**Problem to work on:**
Using the data that follows, give again word for word the lines between the one holding "3. Features Of Git & Areas In Git" and the one holding "Vatican 1981 Pope", inclusive. Omit the pictures.

===== Supplied data =====

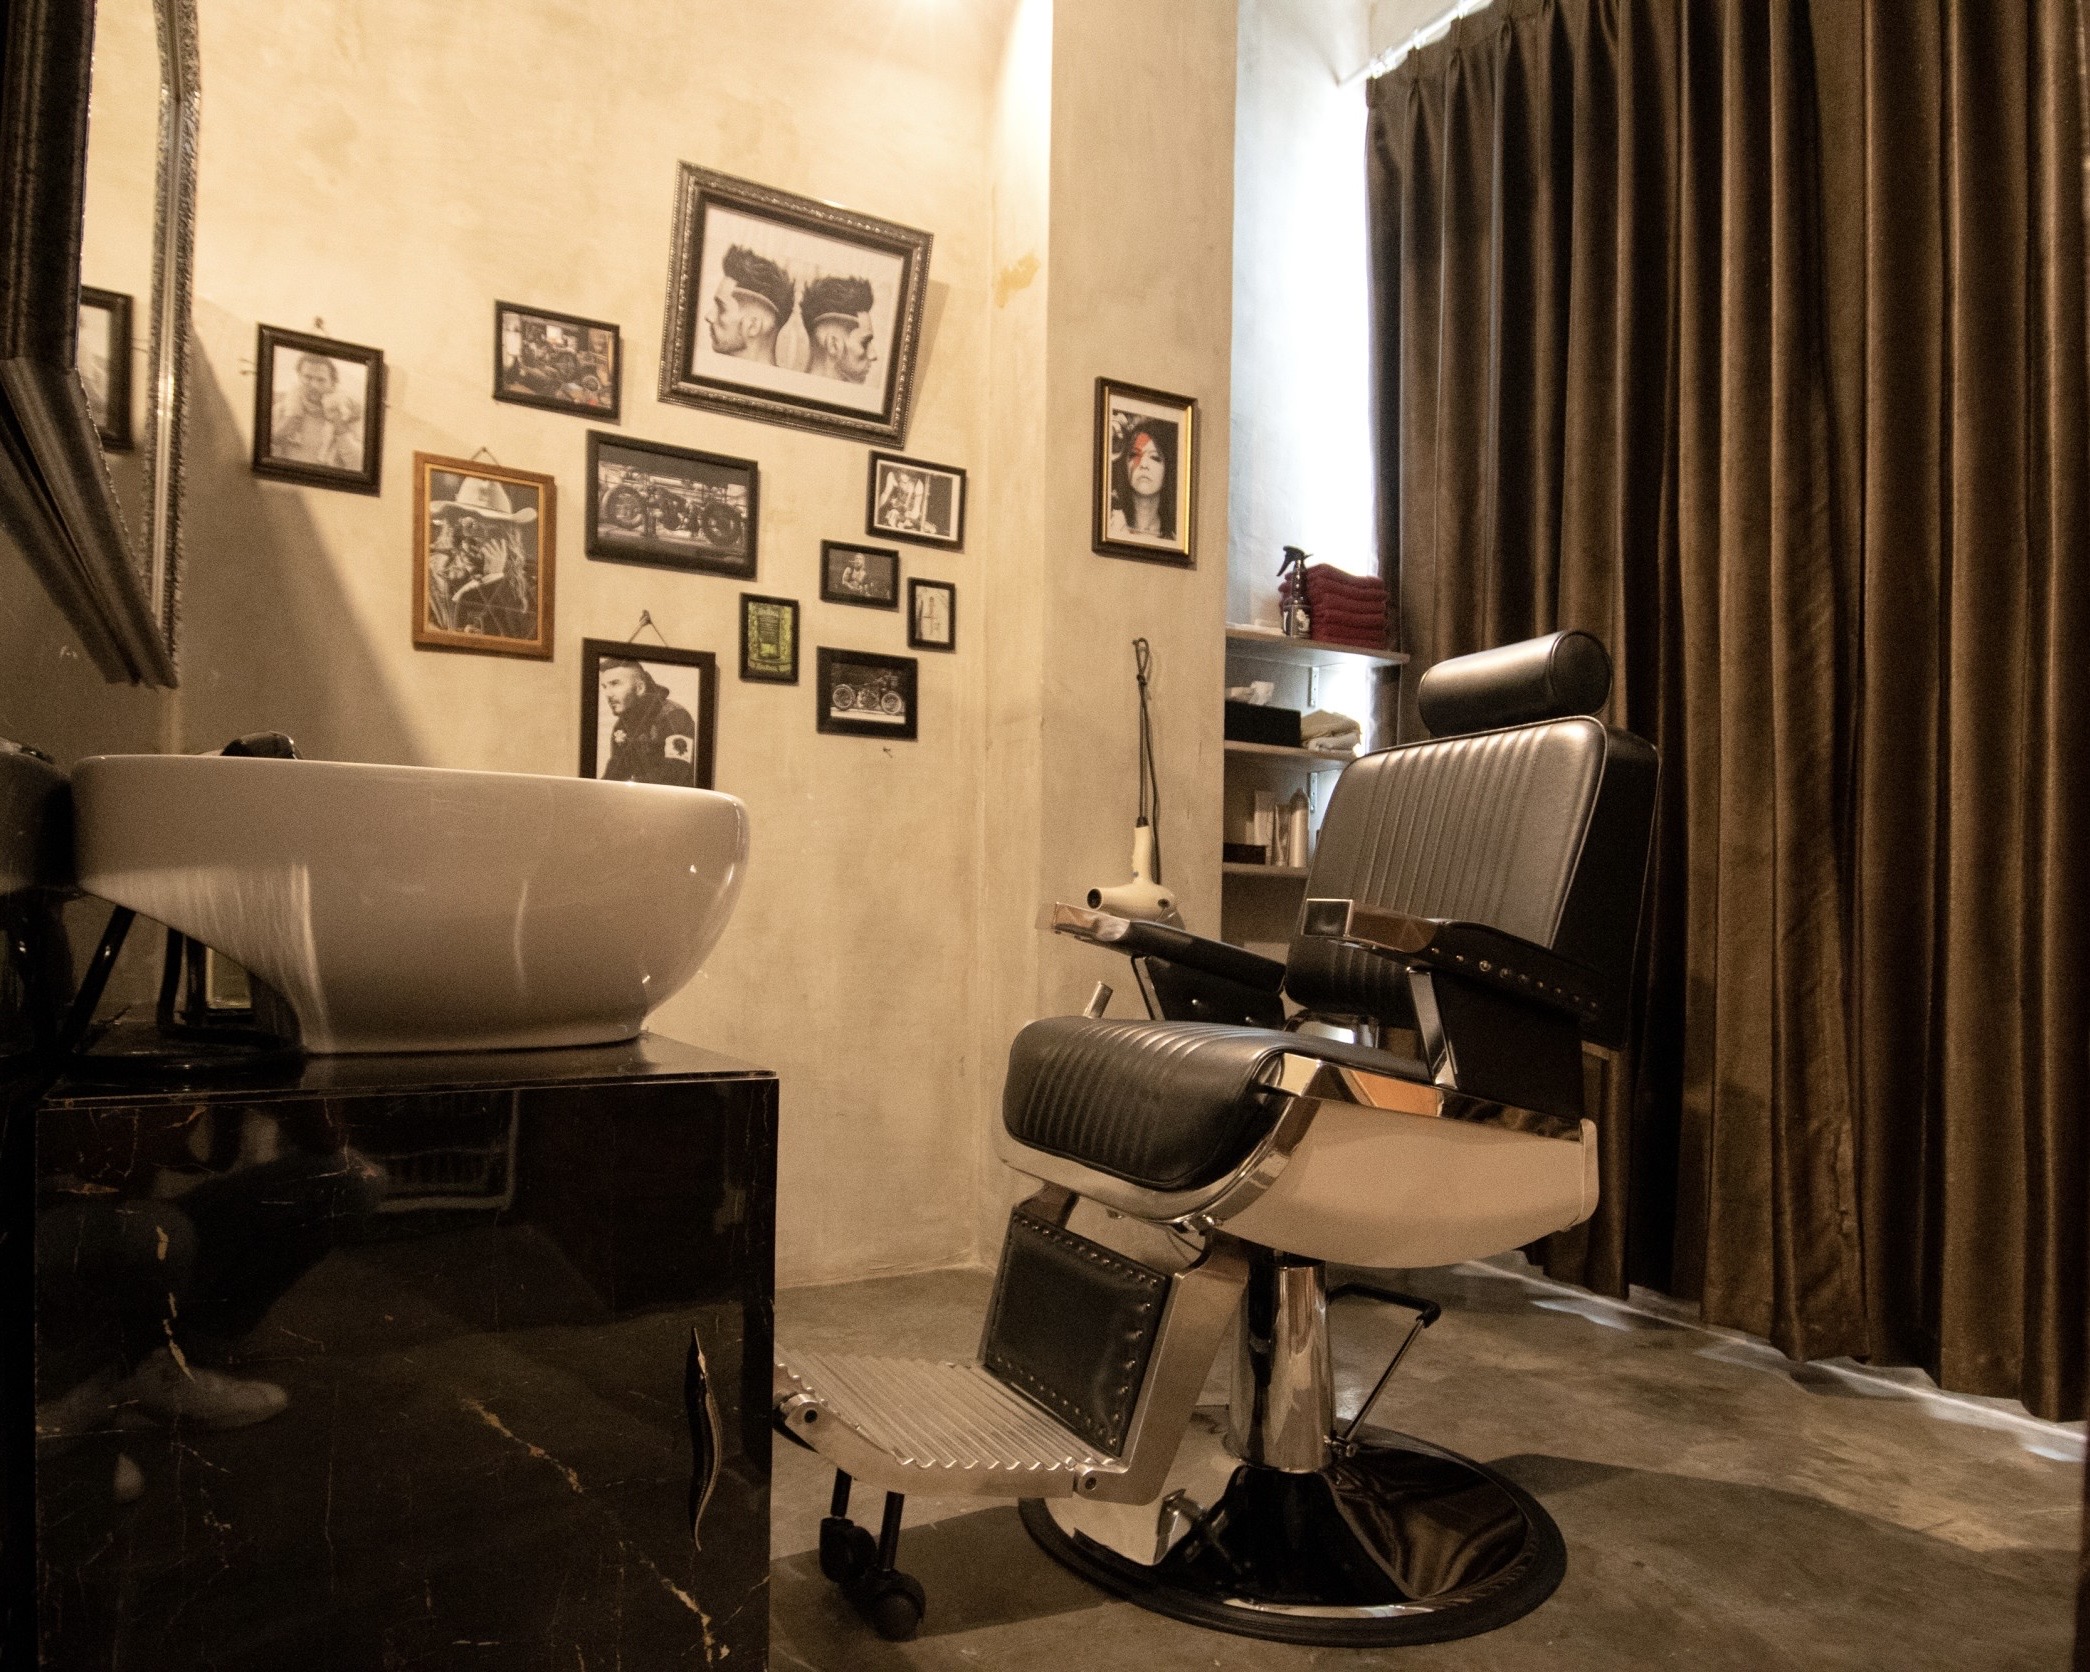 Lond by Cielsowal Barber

=====
===== Supplied data =====

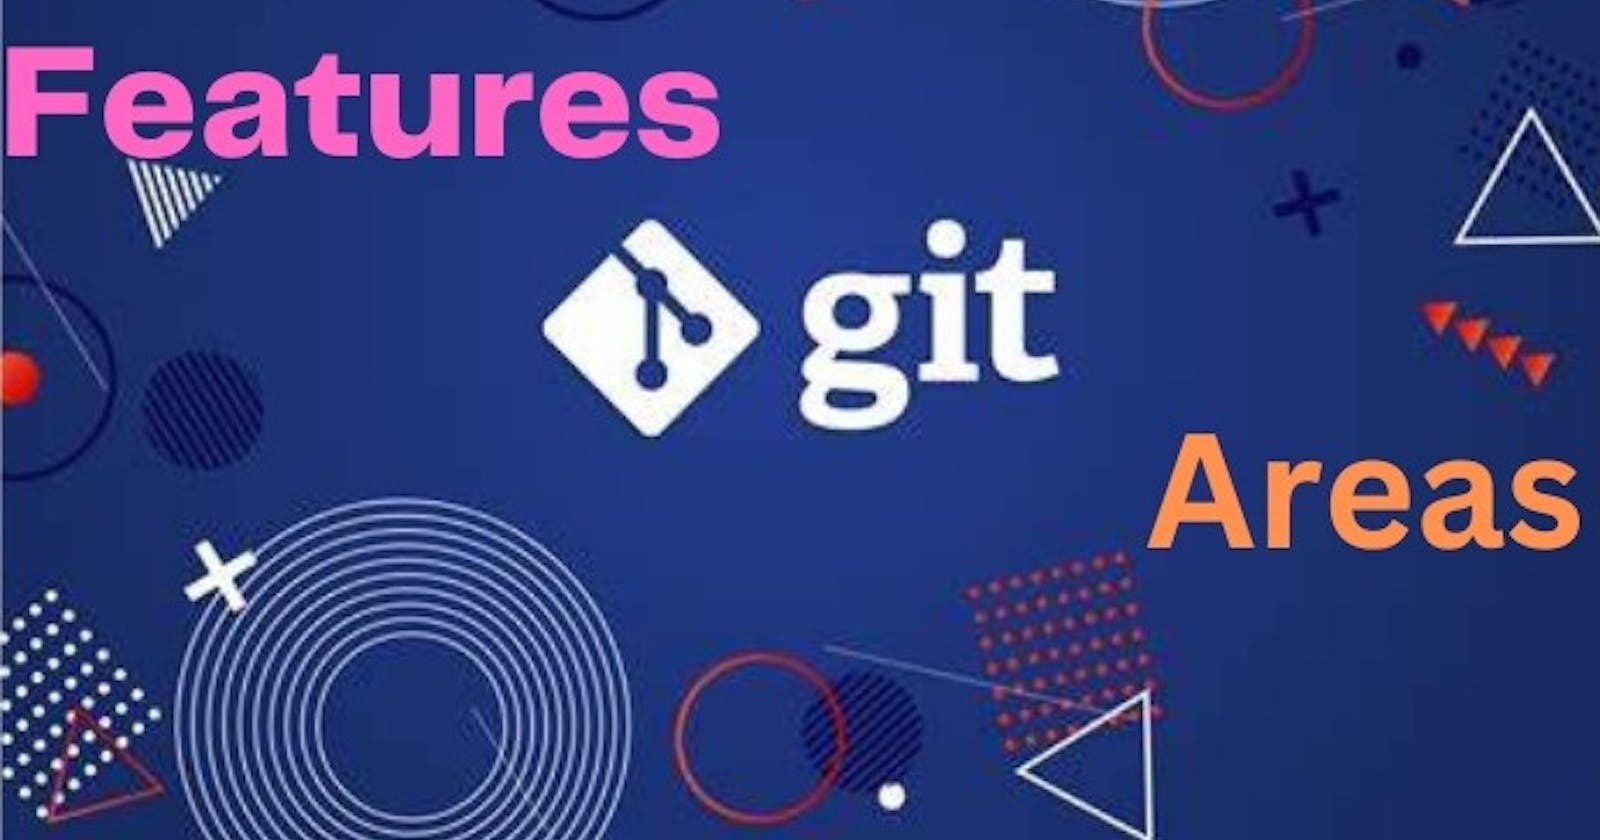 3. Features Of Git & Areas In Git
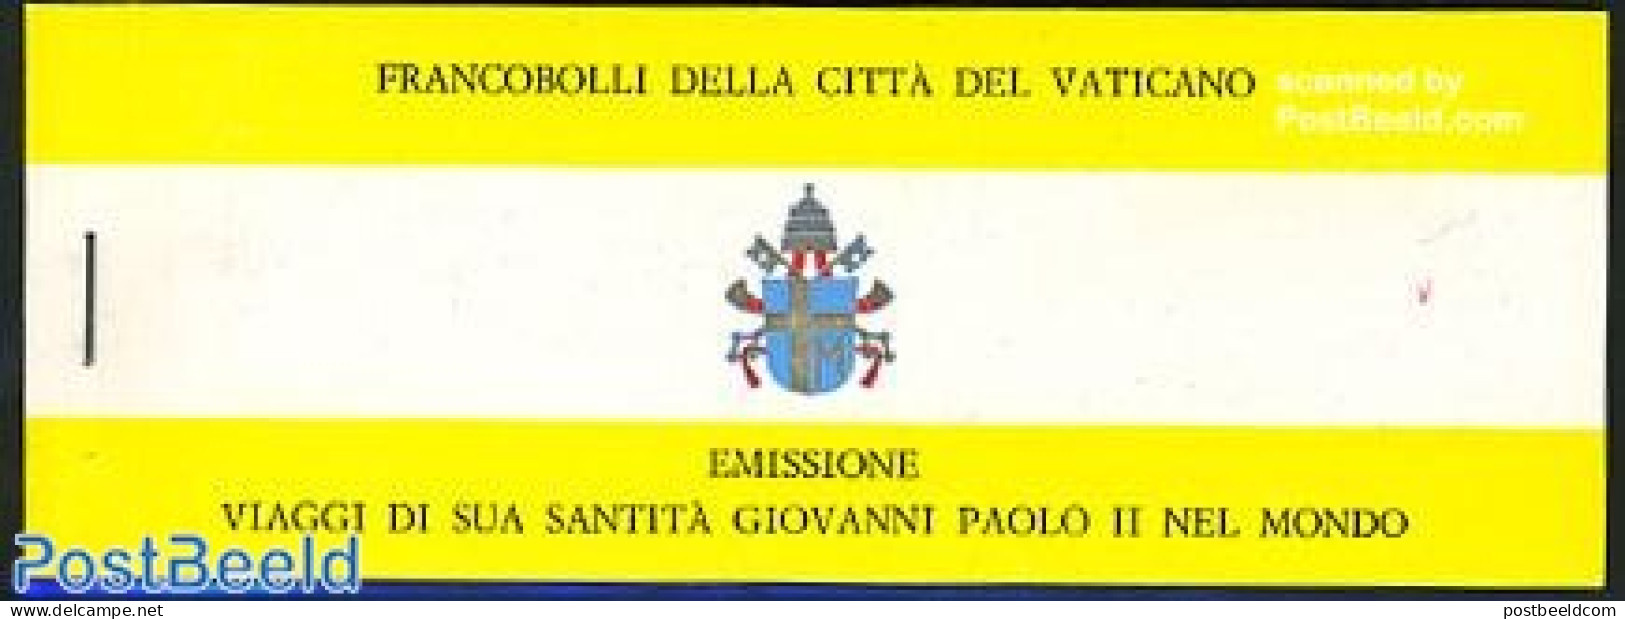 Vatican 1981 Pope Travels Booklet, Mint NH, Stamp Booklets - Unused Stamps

=====

**Result:**
 3. Features Of Git & Areas In Git
 Vatican 1981 Pope Travels Booklet, Mint NH, Stamp Booklets - Unused Stamps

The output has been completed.